General Characteristics.—As we sum up Marlowe’s general qualities, it is well to note that they exhibit in a striking way the characteristics of the time. In the morning of that youthful age the superlative was possible. Tamburlaine, The Jew of Malta, and Dr. Faustus show in the superlative degree the love of conquest, of wealth, and of knowledge. Everything that Marlowe wrote is stamped with a love of beauty and of the impossible.
Tamburlaine speaks like one of the young Elizabethans—
“That in conceit bear empires on
our spears,
Affecting thoughts co-equal with the clouds.”

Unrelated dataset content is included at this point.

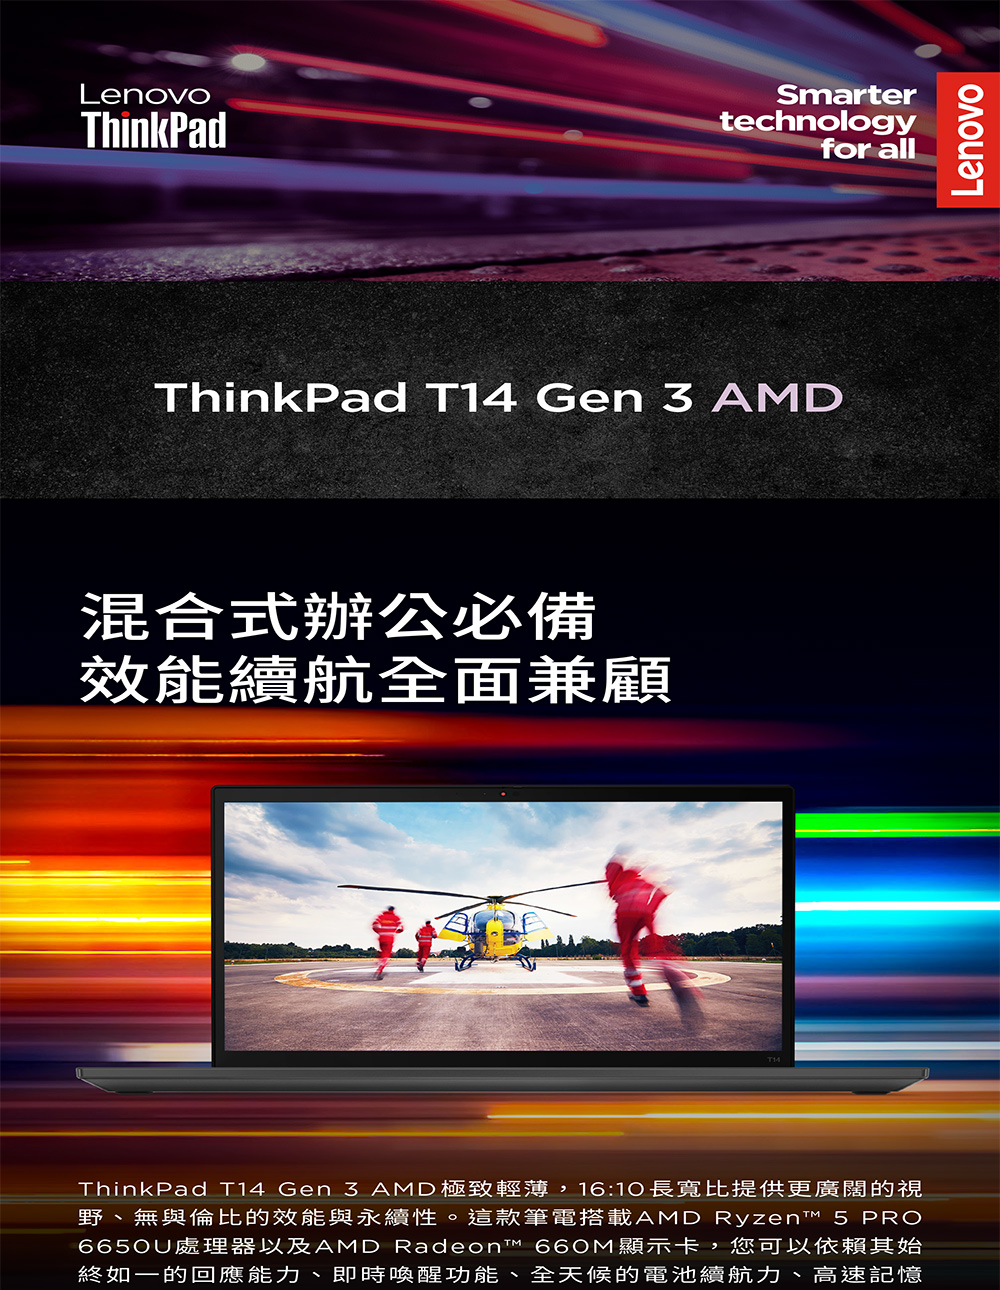 LenovoThinkPadSmartertechnologyfor allThinkPad T14 Gen  AMD混合式辦公必備效能續航全面兼顧ThinkPad T14 Gen 3 AMD極致輕薄,16:10長寬比提供更廣闊的視野、無與倫比的效能與永續性。這款筆電搭載AMD Ryzen™ 5 PRO6650U處理器以及AMD Radeon™ 660M顯示卡,您可以依賴其始終如一的回應能力、即時喚醒功能、全天候的電池續航力、高速記憶Lenovo

Marlowe voices the new sense of worth of enfranchised man:—
“Thinkest thou heaven glorious thing?
I tell thee, ’tis not half so fair
as thou,
Or any man that breathes on earth.
*
* * * *
’Twas made for man, therefore is
man more excellent."[17]
Marlowe’s faults are the faults of youth and of his time. Exaggeration and lack of restraint are shown in almost all his work. In Tamburlaine, written when he was twenty-two, he is often bombastic. He has hardly any sense of humor. He does not draw fine distinctions between his characters.
On the other hand, using the words of Tamburlaine, we may say of all his dramatic contemporaries, excepting Shakespeare—
“If all the heavenly quintessence
they still
From their immortal flowers of poesy,”
were gathered into one vial, it could not surpass the odor from patches of flowers in Marlowe’s garden.
These seven lines represent better than pages of description the aspiring spirit of the new Elizabethan Renaissance.
“Our souls whose faculties can comprehend
The wondrous architecture of the world,
And measure every wandering planet’s
course
Still climbing after knowledge infinite,
And always moving as the restless spheres,
Will us to wear ourselves and never rest
Until we reach the ripest fruit of all."[18]
WILLIAM SHAKESPEARE, 1564-1616
[Illustration: WILLIAM SHAKESPEARE. From the Chandos portrait in the National Portrait Gallery.]
Birthplace and Parents.—William Shakespeare, the greatest of the world’s writers, was born in Stratford-on-Avon, Warwickshire. The name originally meant one skilled in wielding a spear. The first William Shakespeare of whom mention is made in the records was hanged for robbery near Stratford; but it is only fair to state that in those days hanging was inflicted for stealing even a sheep.